Be thankful for every unique living person that does not utter the vain repetition 'Merry Christmas' to you but does refer you to the books of Ezequiel, Moshe Ben Amram and other  legitimate anti-Lucifer prophets. What a shame it is that strings of outdoor Christmas decorations are allowed or get forced into USA subdivisions but humble LAUNDRY lines are prohibited in many subdivisions even though they are very useful and fiscally wise.  If people want to string thousands of Christmas lights INDOORS  it will be far less of an intrusion to others than the typical lighting assault that goes on every winter against the desires of Yehovah and the heart of anyone who actually believes the biblical warnings. When people are forced out by Nazi-type or hypocritical 'Christian' forces  and have to relocate swiftly like I had to, sometimes we end up on land  that would not have been our '1st choice' to try and survive on, always hoping for a better future after some serious bowl judgements have occurred on earth.

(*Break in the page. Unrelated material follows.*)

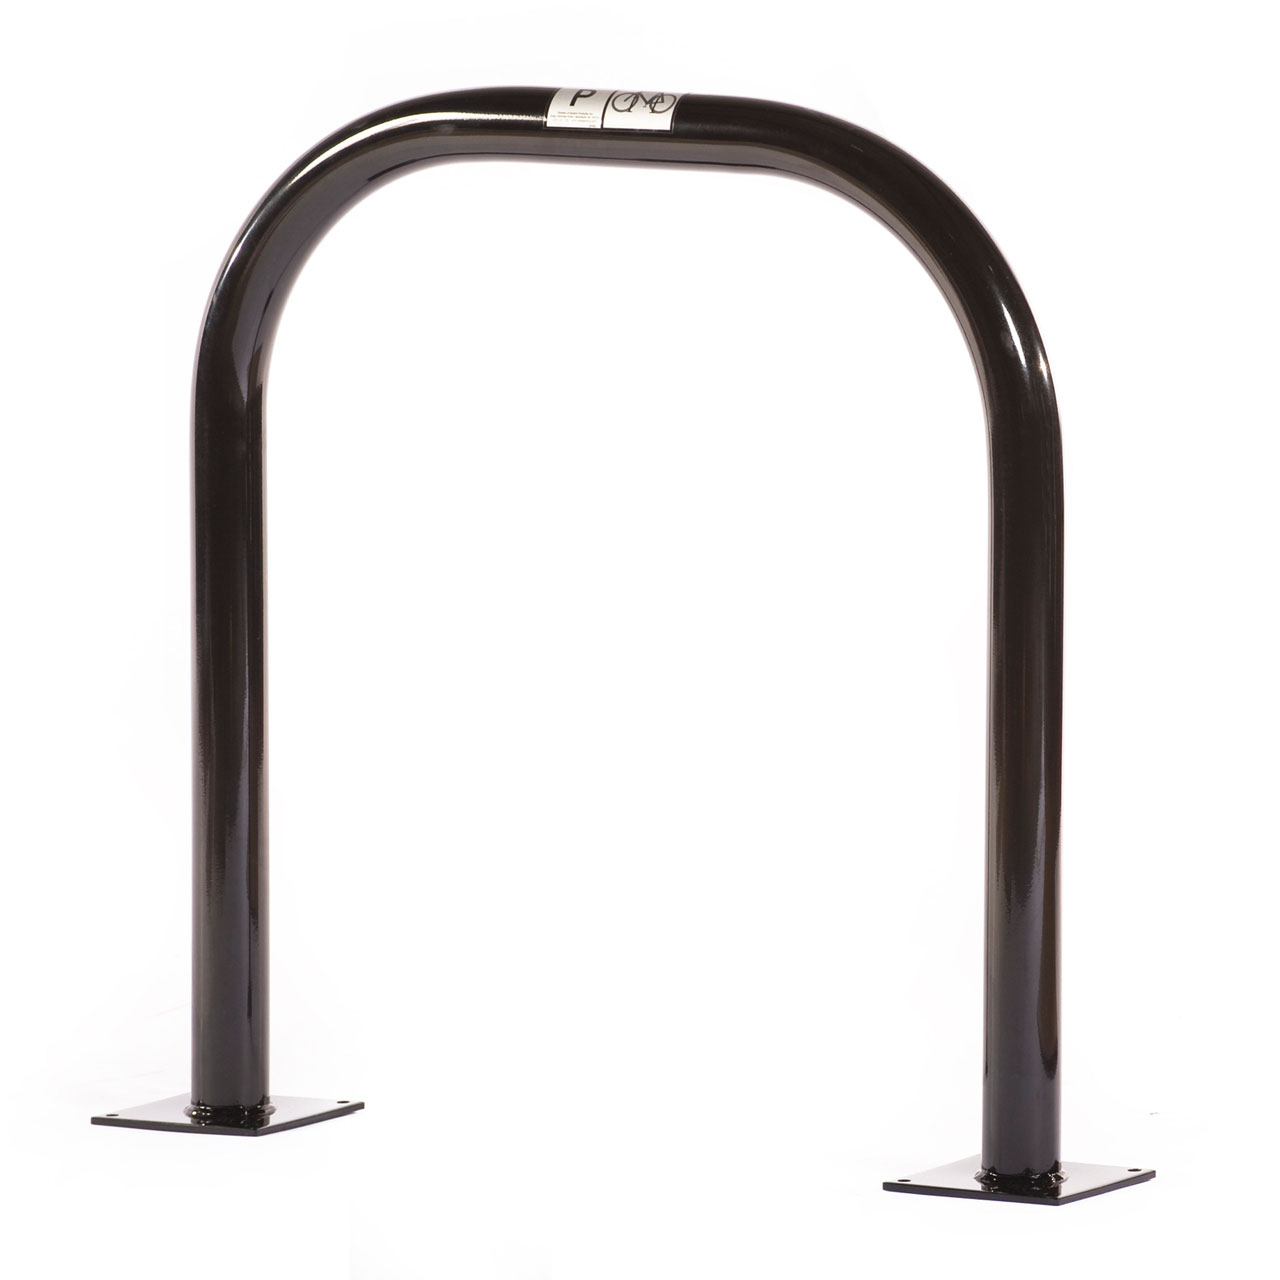 Double Bend Inverted U Bike Dock
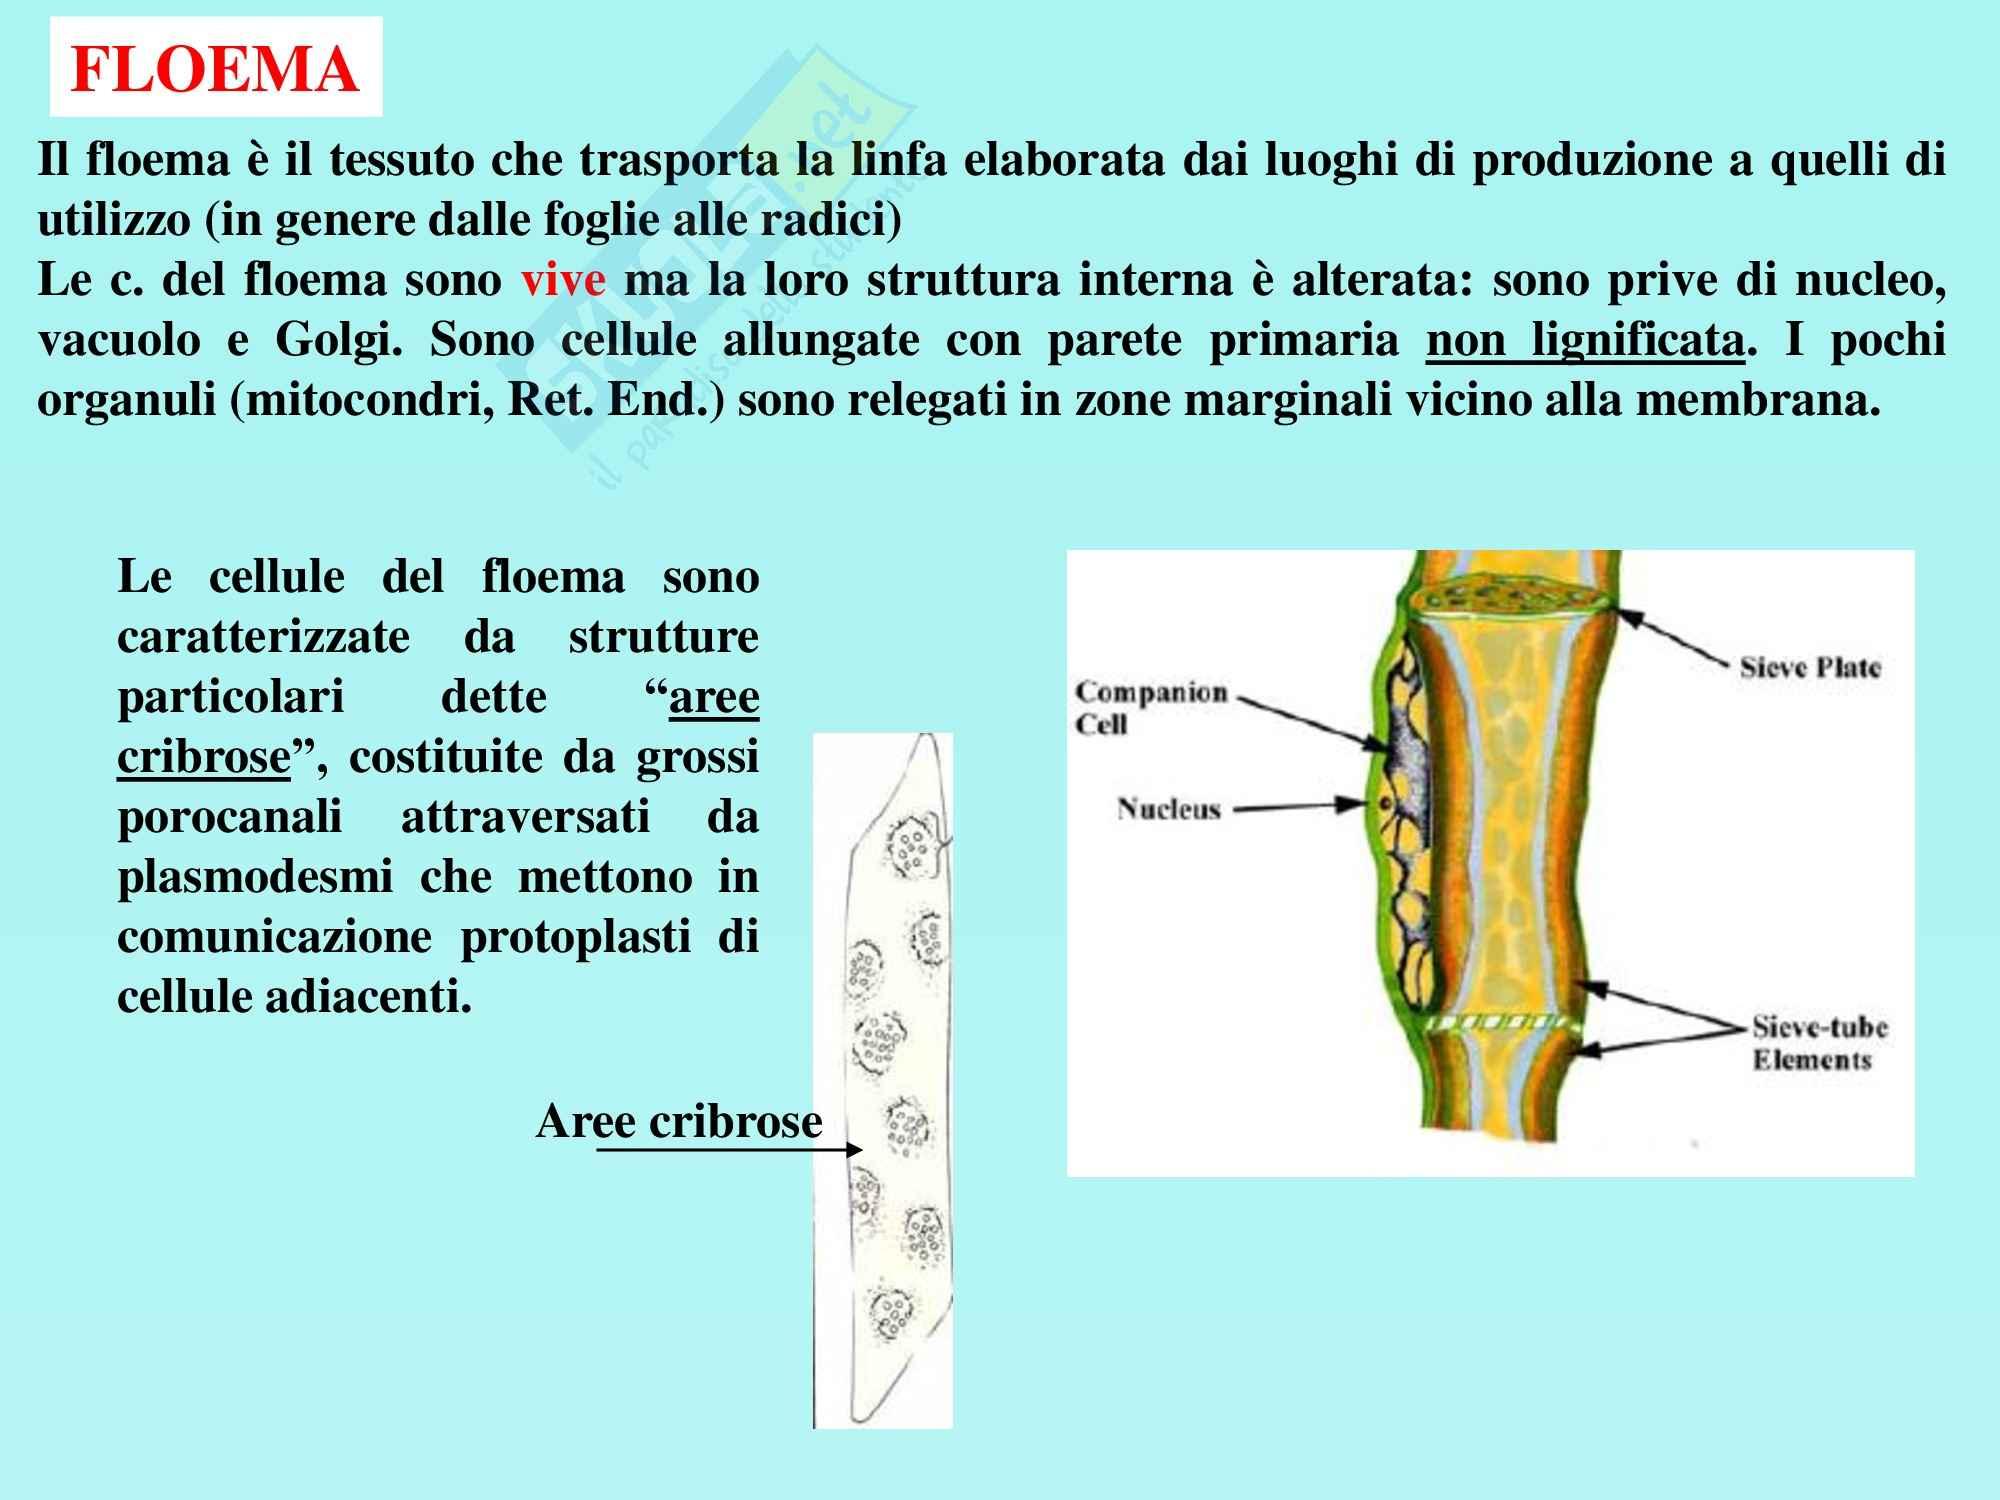 Biologia vegetale - tessuti fondamentali e vascolari Pag. 36

I'll be thinking of people like Eric Williams, Jr. and Amari Kelly as the days and nights ahead continue on, just as I remember the kind acts of Jason Eric Dawe while I was trying to become a youth hockey coach, a dream that was eventually stripped away by some very cruel people in Macomb county, Michigan. Now I go to  distant hockey rinks in other counties to try to recover after losing many people that I had loved due the cruel nature of the divorce tactics of my son's father . I often go to a hockey rink like Amari Kelly goes to a basketball court....... hopeful and courageous, and usually combating extreme sadness and loneliness, especially when surrounded by strangers instead of my grandchildren or my son.

Regarding Duquesne jersey numbers, 23 was my high school softball number, but 50 is  one of my favorite squad numbers because of a movie labeled 'The Great Escape', the feast of Shavuot and because of my hometown perspective of District 5 squad areas.

Has anyone other than me noticed that the name PILUT on a Buffalo Sabre jersey looks like TULIP to people who read the Hebrew way?  Sometimes I have to notice what doesn't make me sad or discouraged.